Moreover, EM banks have been largely free from “toxic assets” and can better fend for themselves than euro-zone banks that so far have survived partly due to the ECB help. Thus, if the ECB falters in coming to their rescue in a new flight-to-quality episode, their chances of surviving are bleak compared to EM banks. Moreover, despite their dysfunctionality as a trade or currency union, some key EMs (notably in the Middle East, Africa and Latin America) are resource-rich, and they still have vast expanses of unexploited resources. These areas will benefit from continued growth in China, while for the euro zone it may signify stiffer industrial competition from abroad.

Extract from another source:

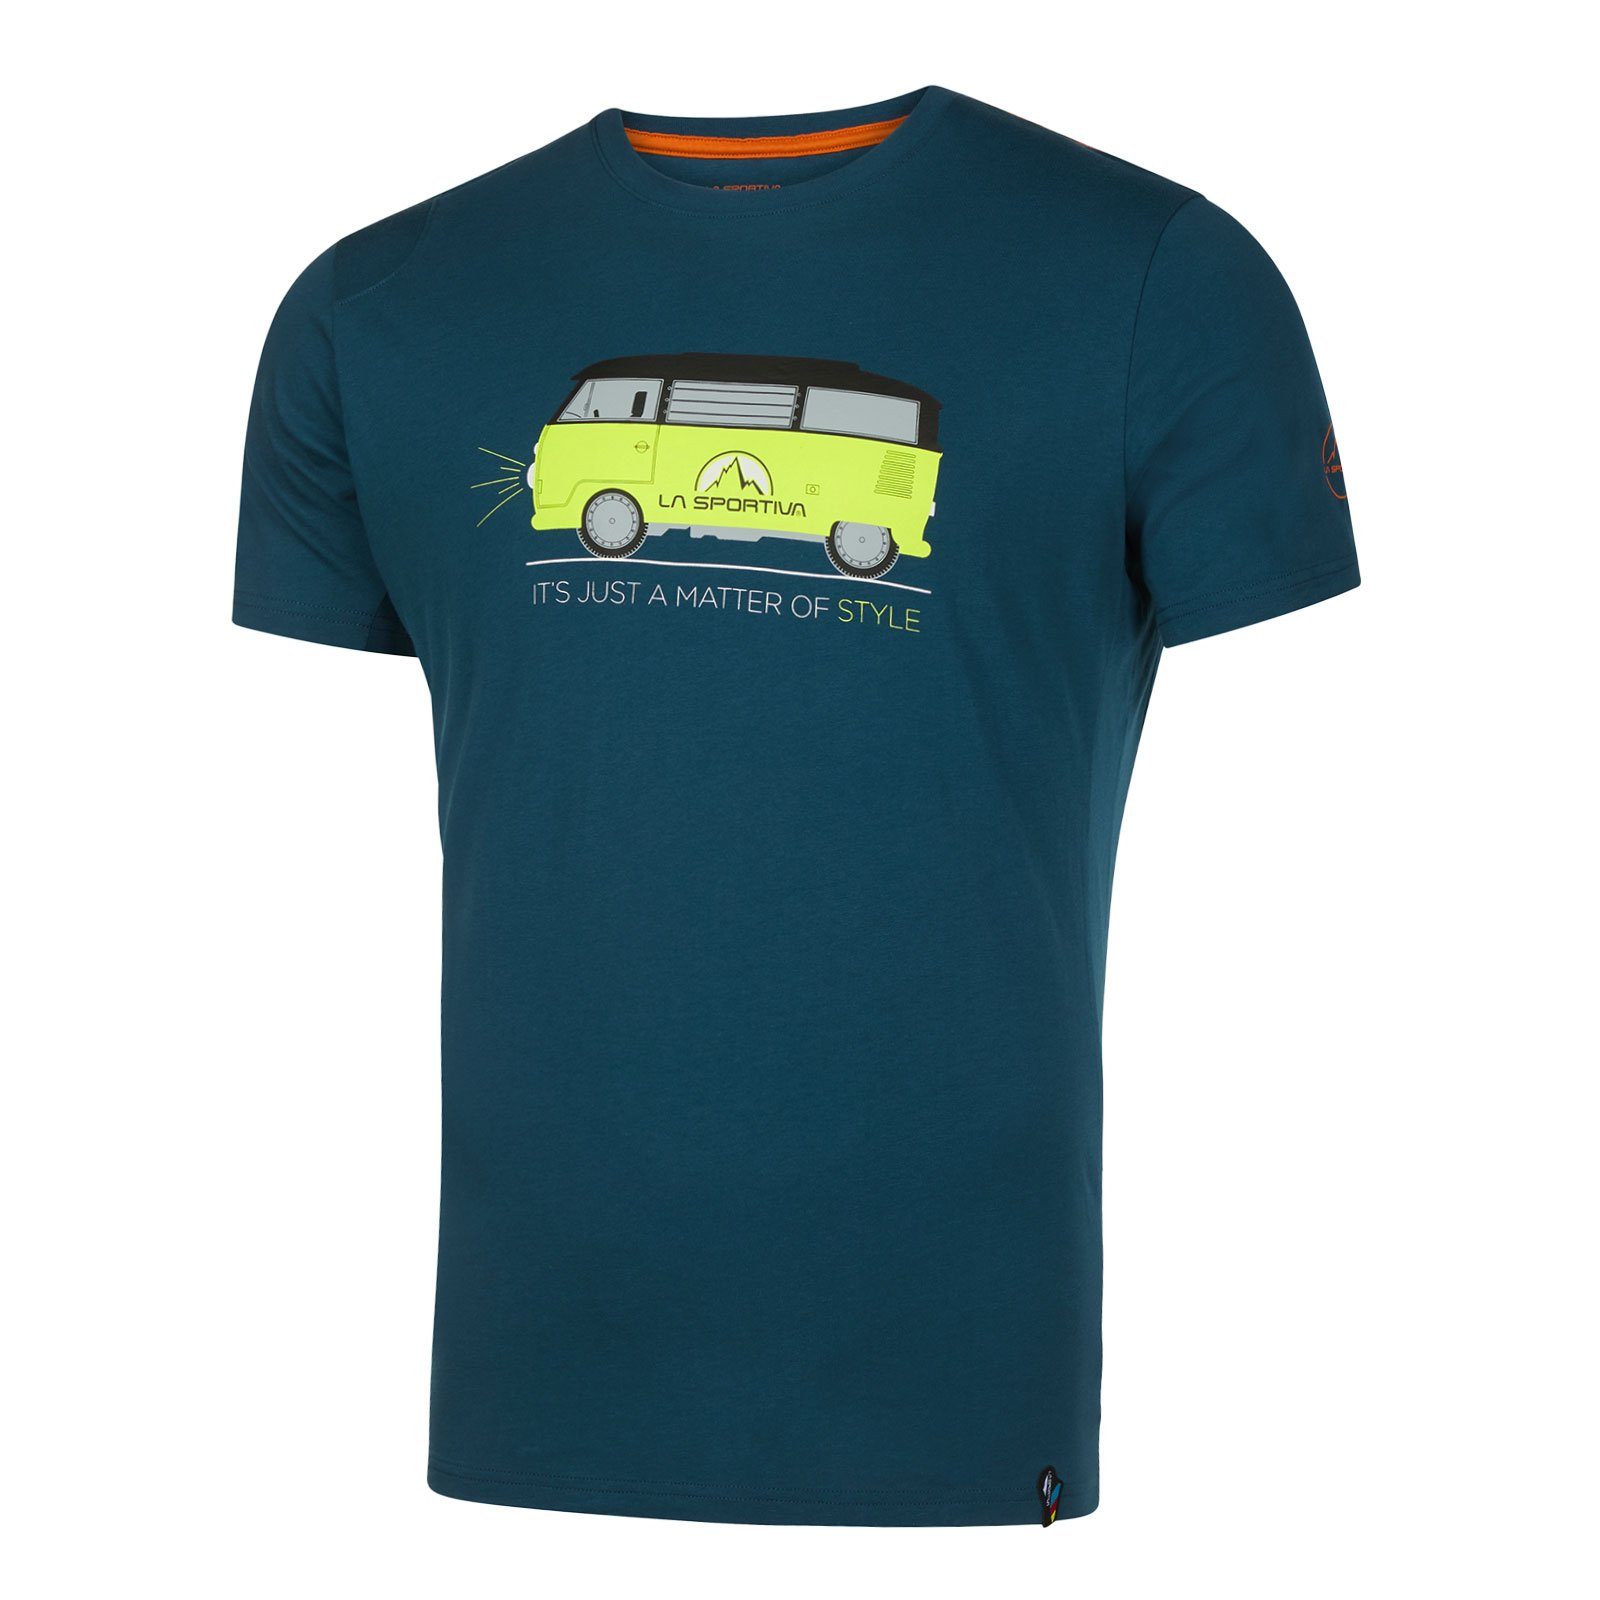 La Sportiva T-Shirt Van M aus 100% organischer Baumwolle 639639 storm blue | T-Shirts
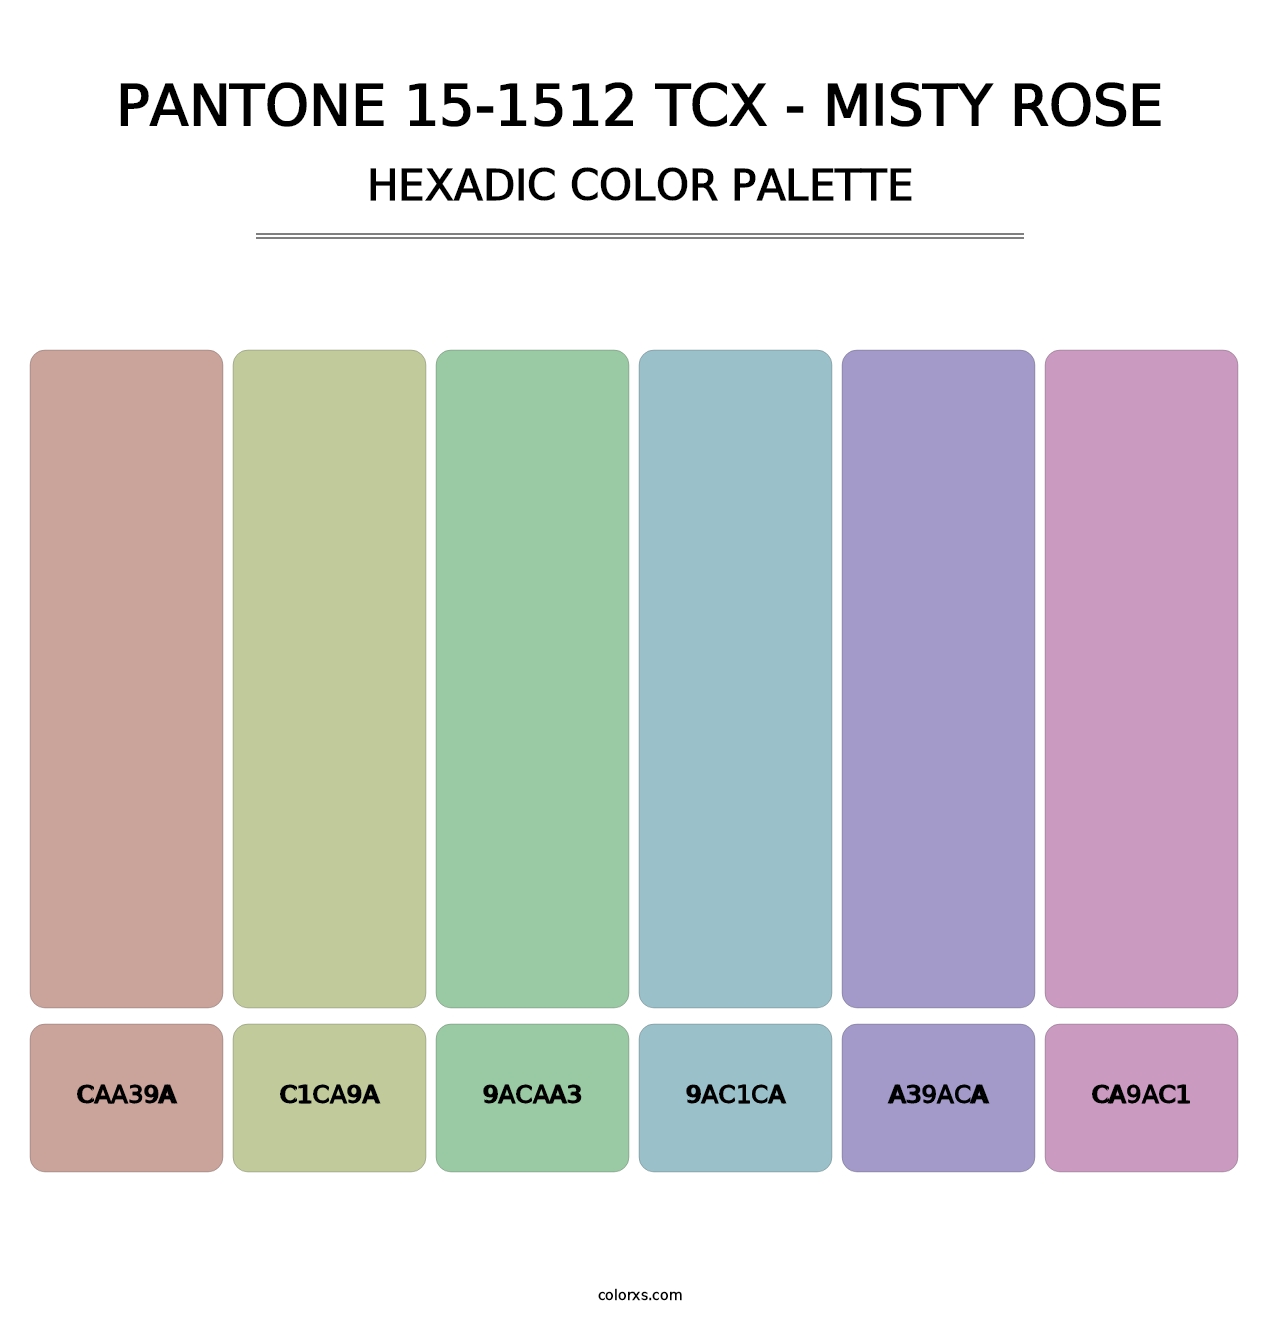 PANTONE 15-1512 TCX - Misty Rose - Hexadic Color Palette

Inflation in the United States followed a pattern similar to the euro zone between the end of 2009 and the end of 2010. After observing a few months of declining inflation readings, the Federal Reserve started to act. Firstly, in August 2010, the Federal Open Market Committee (FOMC) announced the reinvestment of principal payments from agency debt and mortgage-backed securities purchased during the first round of Large Scale Asset Purchases (LSAP). Secondly, in September of the same year, the FOMC statement introduced the first instance of post-crisis forward guidance language (“economic conditions are likely to warrant exceptionally low levels for the federal funds rate for an extended period.”). Thirdly, in November, the Committee announced the second LSAP program for $600 billion. While other factors may have played an important role, both headline and core inflation measures did bottom out between November and December 2010 and reverted back close to the 2% target within the next six months.

So, may be the time ripe for the ECB to follow in the Fed’s footsteps and become more aggressive against low inflation. but the ECB is unlikely to embark in quantitative easing, due to the Bundesbank’s concern about blurring the line between monetary and fiscal policy. The ECB is paralysed by internal dissension that prevents it from increasing liquidity in the system, the only sure way to prevent deflation.

At the moment, the risk of deflation for the euro zone is real. America lived through a similar experience in the recent past. The Federal Reserve ramped up its response, with a number of unconventional policy actions. Perhaps, now is the time that Europe moves one step beyond what America has done and experiments with more aggressive policy actions.

The above has been compiled  from an on going debate on Deflation in the euro zone in the Economist.